Taking Exception

Last night the Seven Dwarfs took to the stage to begin the process of deciding who gets to spend the next year or so reminding us why we should be afraid of Barack Obama.  The hopefuls really didn’t spend a lot of time trying to differentiate themselves from each other; the overriding theme seemed to be “Don’t worry, I’m white and Republican and committed to beating the black guy.”

One of the things Obama is likely to get hammered on between now and next November is the apparently heretical idea that the United States might not be the absolute best number one at every single thing it sets its mind to.  And that maybe, just maybe, we might actually want to try to get along with other countries instead of lording over them how much better we are.  Nope, the USA was forged by the hand of God himself to be the greatest, most wonderful, most kick-ass country the world has ever seen (with sincere apologies to Israel), an attitude summed up by the pithy phrase “American exceptionalism.”

Now I have no problem with someone believing this is a great country.  We’ve got plenty of TV channels, the sports are good, and we’re can reasonably criticize the government without the possibility of ending up in a very dark room at an undisclosed location.  That we have it better than a lot of other countries is an inarguable fact.  So go ahead.  Be proud of your country.  Want it to be great.  But that doesn’t have to mean every other country in the world needs to put us on a pedestal.  And it sure doesn’t mean ignoring our faults.
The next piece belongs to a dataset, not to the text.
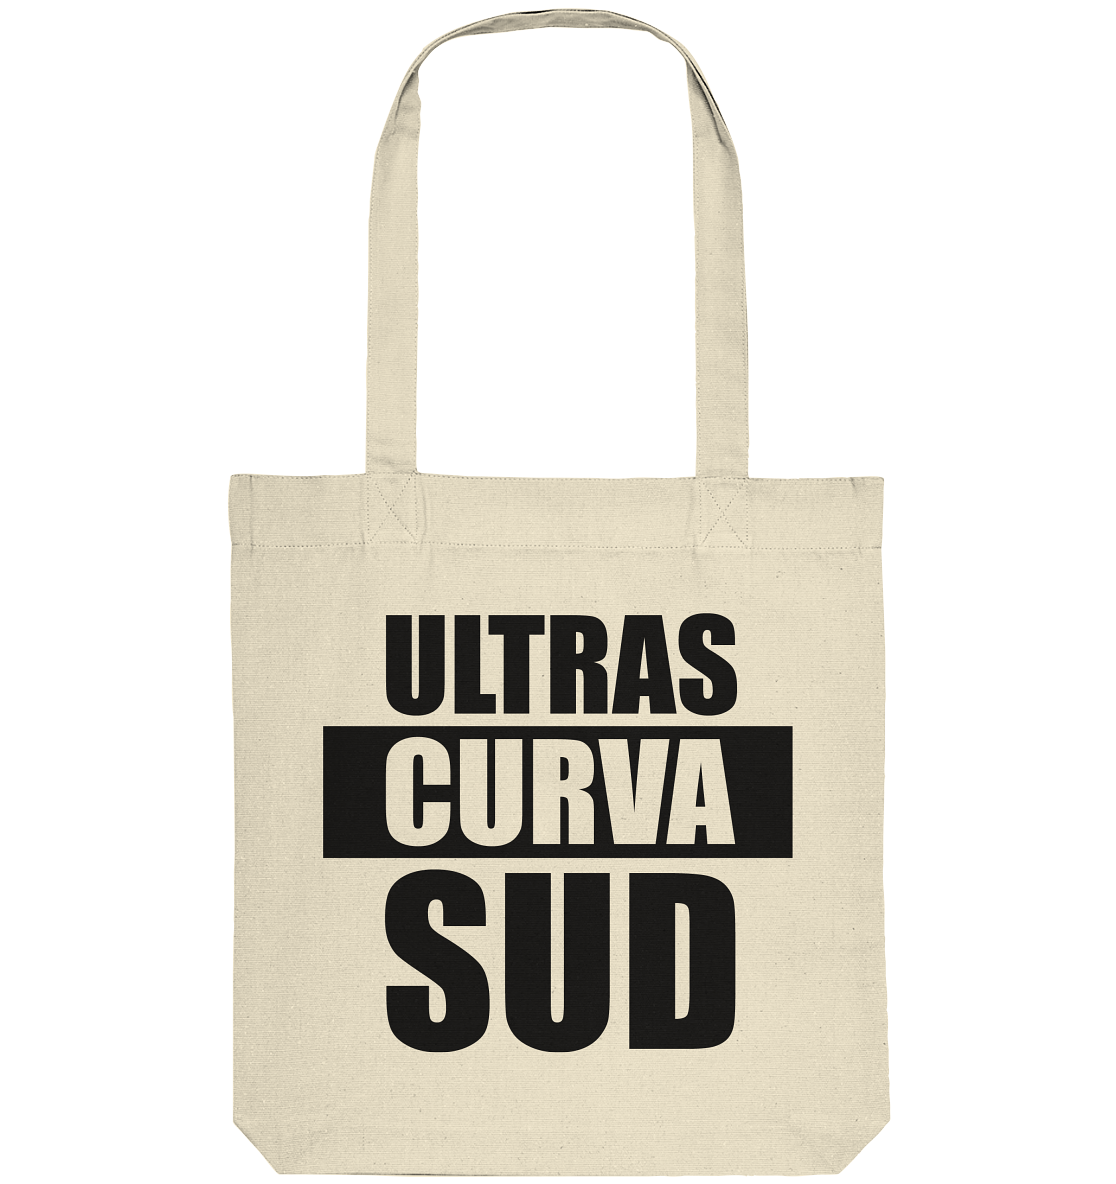 Ultras Tote-Bag "ULTRAS CURVA SUD" Organic Baumwolltasche natural

Look at it this way:  if the boat you’re on is sinking, do you want to be told it’s the best boat in the world by the grace of God, or where the damn life boats are?  Seems like common sense to me.  But it also seems like common sense that a man who attends Catholic church services and has a Hawaiian birth certificate isn’t a secret Muslim terrorist, and look at the legs on that thing.
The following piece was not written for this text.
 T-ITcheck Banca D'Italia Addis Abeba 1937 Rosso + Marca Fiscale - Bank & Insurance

Saying this country makes mistakes isn’t unpatriotic; it’s honest.  Saying we’ll work with other countries isn’t weakness; it’s diplomacy.  But ever since Reagan, we haven’t been interested in that.  We’ve demanded flag-waving, God-fearing cheerleading.  We’ve wanted someone who’ll watch the kid flap his wings on top of the monkey bars and tell him, “Don’t worry, you’ll fly one day.”
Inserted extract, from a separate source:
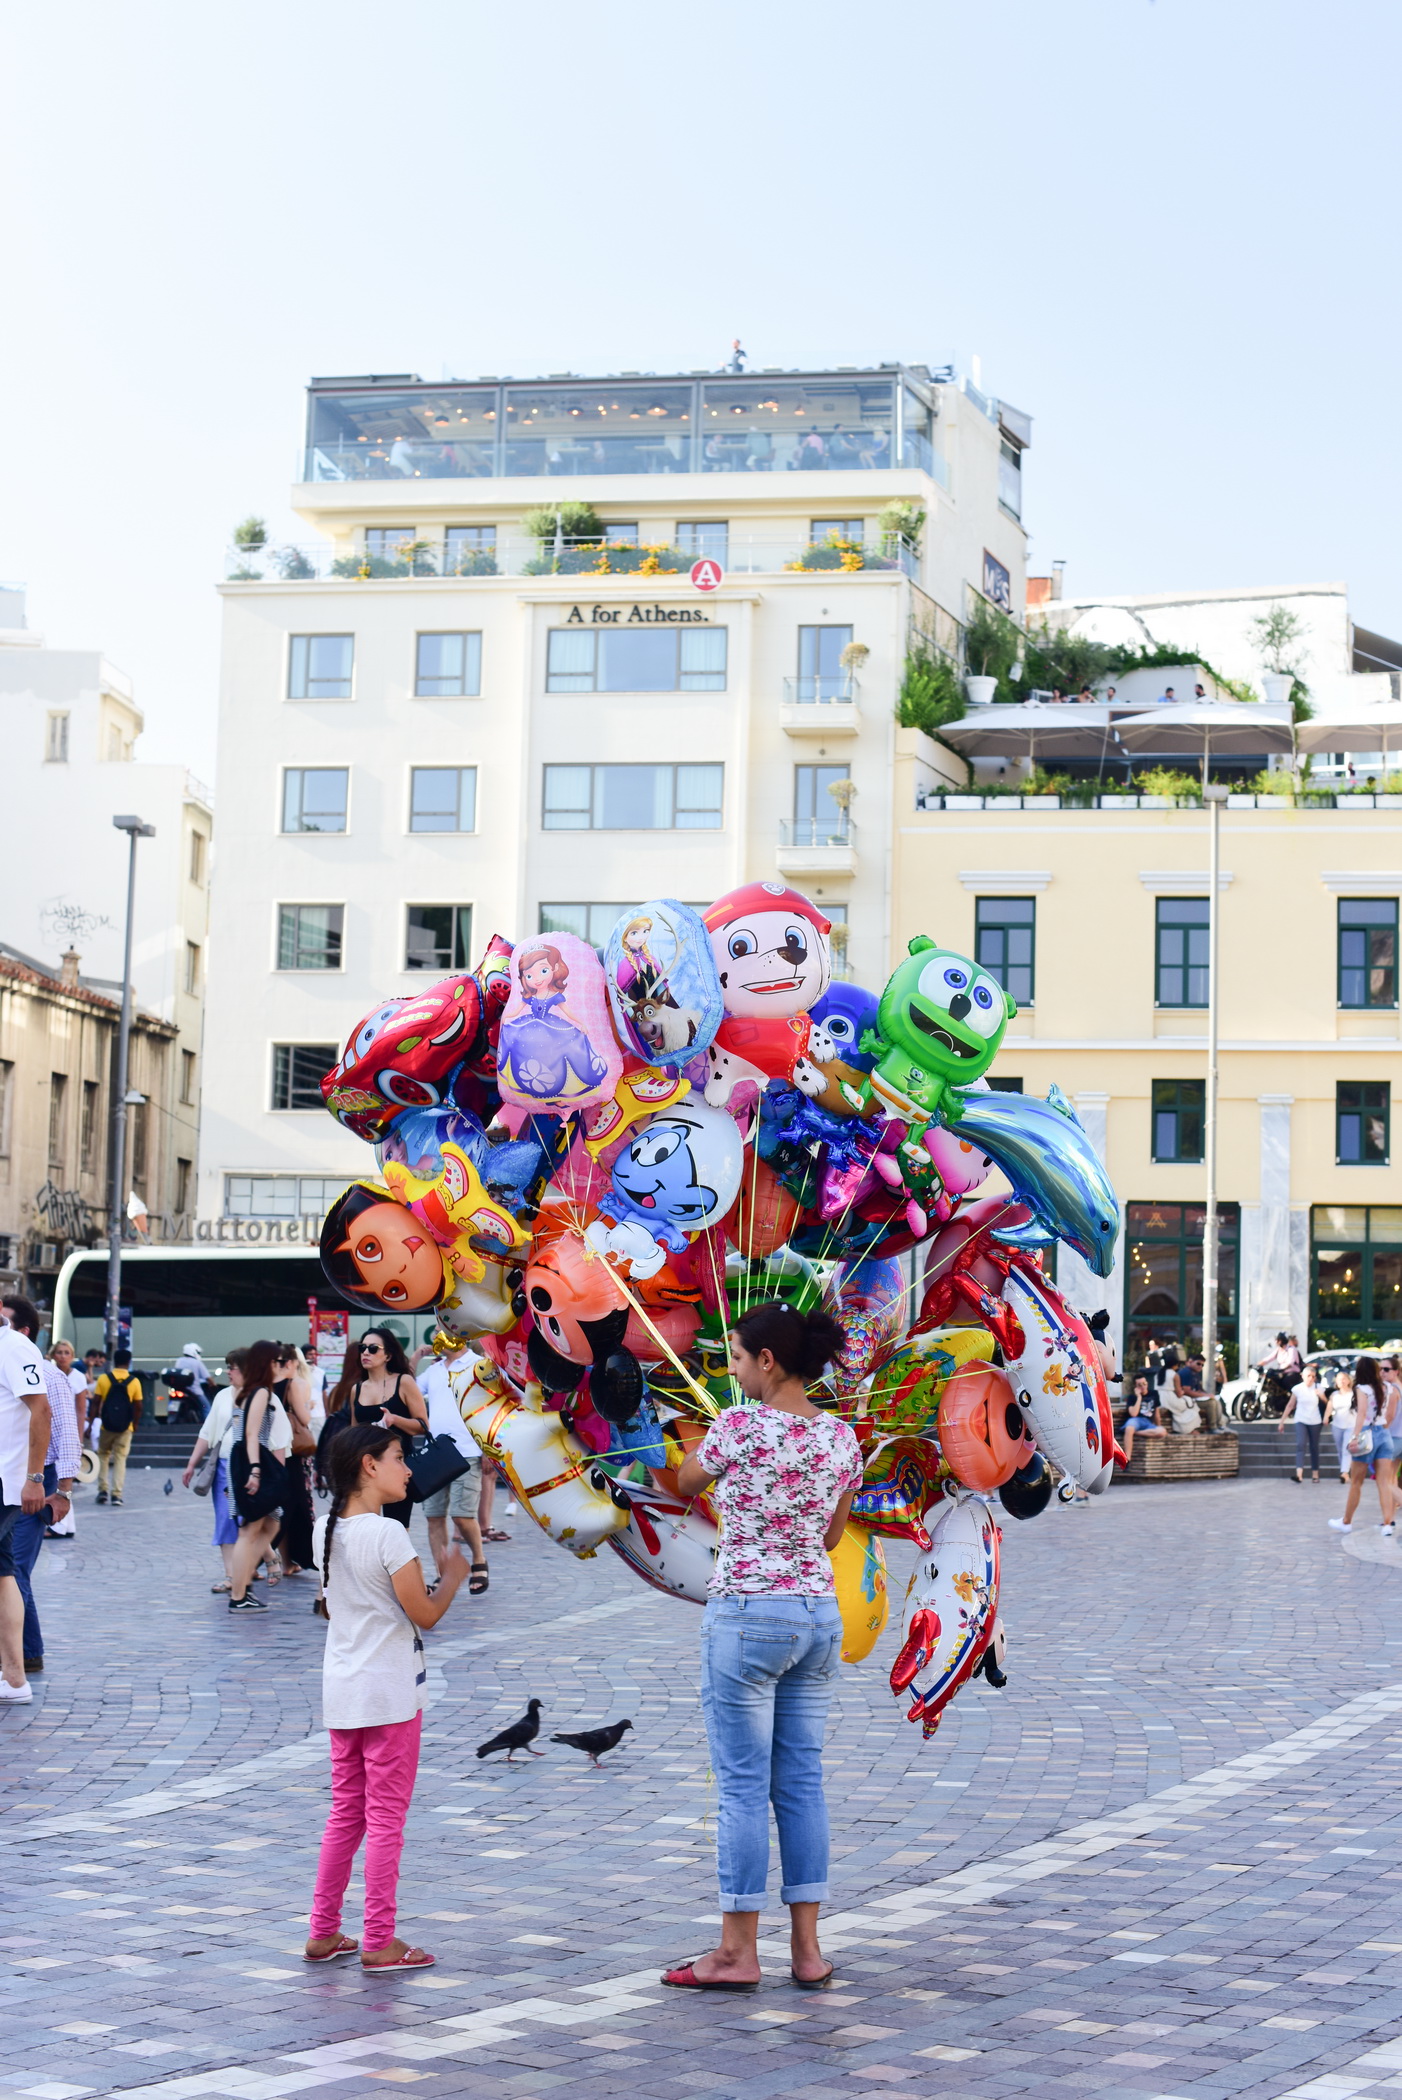 Athens city Balloon seller

And what’s really troubling is that so many of these people want to take us backward.  Let’s undo the repeal of Don’t Ask, Don’t Tell, let’s undo Roe vs. Wade, let’s undo everything that makes us have to actually tolerate people who look and love and think differently than we do.  Their ideal vision of America is a time when the nebulous “they” knew their places, and their brand of exceptionalism is reserved for those they believe are deserving of it.

But what these people are talking about isn’t exceptionalism, it’s arrogance.  It’s the sheer, bull-headed, “My country right or wrong” attitude that makes so many other countries look at us like the guy who shows up at a party and says what music you should have played, what beer you should have served, and really, why don’t you move this party at his house?  Problem is, most people don’t know the rest of that quote:  “if right, to be kept right; and if wrong, to be set right.”

Or maybe they do know the full quote, and simply read “right” as having a capital R.